Na Xu, left, and Thales Papagiannakopoulos

By Gail Gallessich

UCSB Scientists have made a significant discovery in understanding the way human embryonic stem cells function.

They explain nature’s way of controlling whether these cells will renew, or will transform to become part of an ear, a liver, or any other part of the human body. The study was reported in the May 1 issue of the journal Cell.

The scientists say the finding bodes well for cancer research, since tumor stem cells are the engines responsible for the growth of tumors. The discovery is also expected to help with other diseases and injuries. The study describes nature’s negative feedback loop in cell biology.

“We have found an element in the cell that controls ‘pluripotency,’ that is the ability of the human embryonic stem cell to differentiate or become almost any cell in the body,” said senior author Kenneth S. Kosik, professor in the Department of Molecular, Cellular & Developmental Biology. Kosik is also co-director and Harriman Professor in Neuroscience Research at UCSB’s Neuroscience Research Institute.

“The beauty and elegance of stem cells is that they have these dual properties,” said Kosik. “On the one hand, they can proliferate –– they can divide and renew. On the other hand, they can also transform themselves into any tissue in the body, any type of cell in the body.”
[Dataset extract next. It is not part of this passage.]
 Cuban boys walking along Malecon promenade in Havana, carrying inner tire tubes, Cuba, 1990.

The research team includes James Thomson, who provided an important proof to the research effort. Thomson, an adjunct professor at UCSB, is considered the “father of stem cell biology.” He pioneered work in the isolation and culture of non-human primate and human embryonic stem cells. These cells provide researchers with unprecedented access to the cellular components of the human body, with applications in basic research, drug discovery, and transplantation medicine.

With regard to human embryonic stem cells, Kosik explained that for some time he and his team have been studying a set of control genes called microRNAs. “To really understand microRNAs, the first step is to remember the central dogma of biology ––DNA is the template for RNA and RNA is translated to protein. But microRNAs stop at the RNA step and never go on to make a protein.
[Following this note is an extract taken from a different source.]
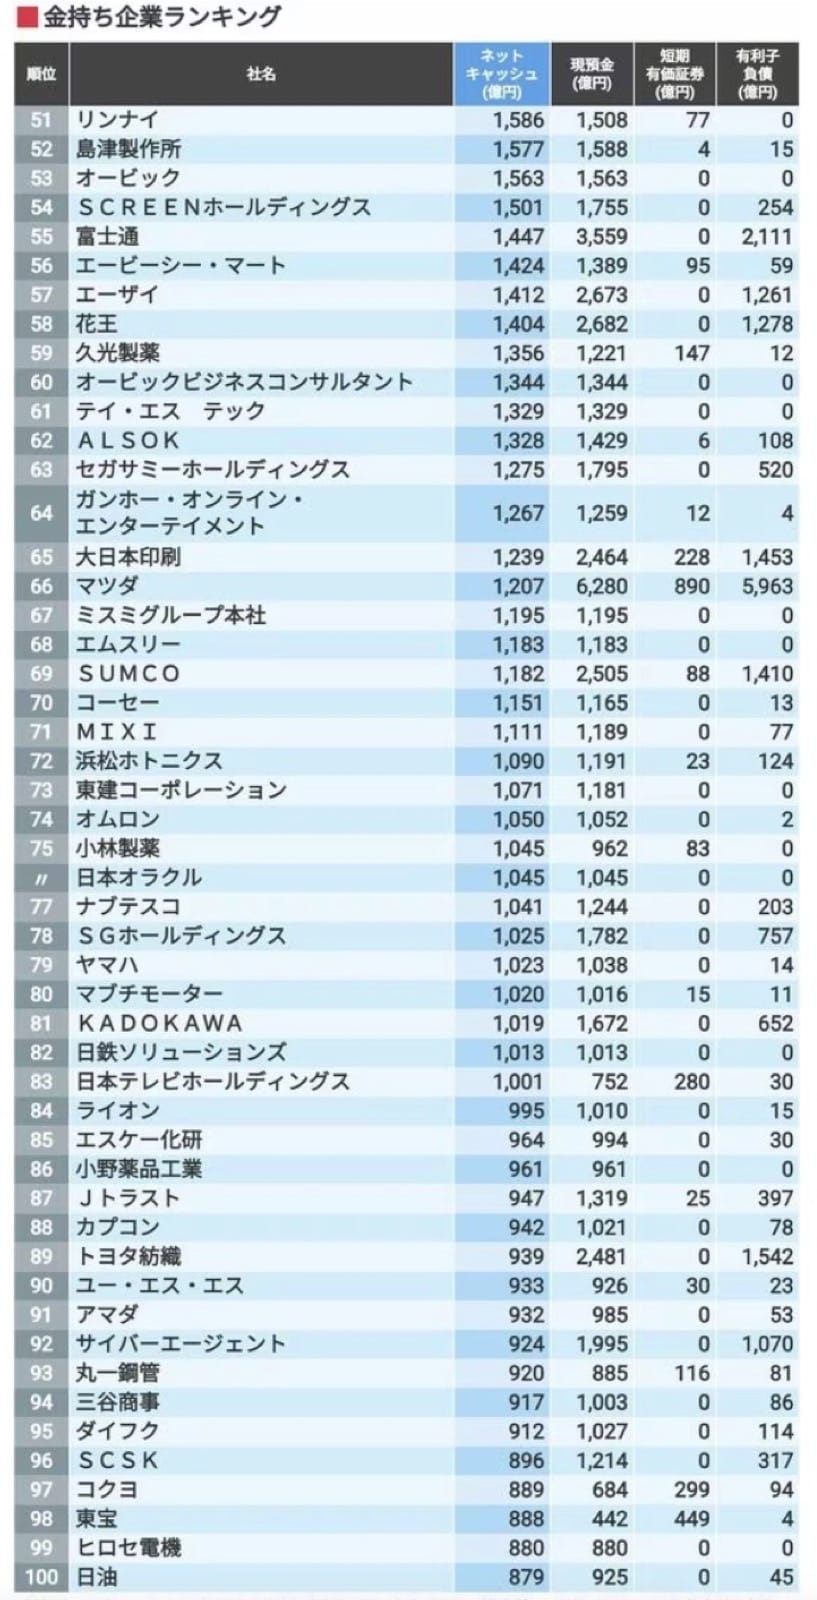 任天堂成日本最富公司 现金流约114亿美元

“The heart of the matter is that before this paper, we knew that if you want to maintain a pluripotent state and allow self-renewal of embryonic stem cells, you have to sustain levels of transcription factors,” said Kosik. “We also knew that stem cells transition to a differentiated state when you decrease those factors. Now we know how that happens a little better.”

The new research shows that a microRNA –– a single-stranded RNA whose function is to decrease gene expression –– lowers the activity of three key ingredients in the recipe for embryonic stem cells. This microRNA is known as miR-145. The discovery may have implications for improving the efficiency of methods designed to reprogram differentiated cells into embryonic stem cell-like cells.

The researchers explained that a rise in miR-145 prevents human embryonic stem cells’ self-renewal and lowers the activity of genes that lend stem cells the capacity to produce other cell types. It also sends the cells on a path toward differentiation. In contrast, when miR-145 is lost, the embryonic stem cells are prevented from differentiating as the concentrations of transcription factors rise.

Kosik credits the lion’s share of this discovery to first author Na Xu, a postdoctoral fellow who is also supported by the California Institute for Regenerative Medicine (CIRM). “Na Xu deserves enormous credit for this work,” said Kosik. “She performed nearly every experiment in the paper and was the major contributor to the ideas in the paper.” Meanwhile, Thales Papagiannakopoulos, a graduate student working in the Kosik lab, was very generous in helping Na Xu with one of the experiments. He helped with one of several proofs that showed that the targets of miR-145 are the three transcription factors that are being reported, explained Kosik.

Thomson provided one of several proofs for the control point of miR-145 expression, said Kosik.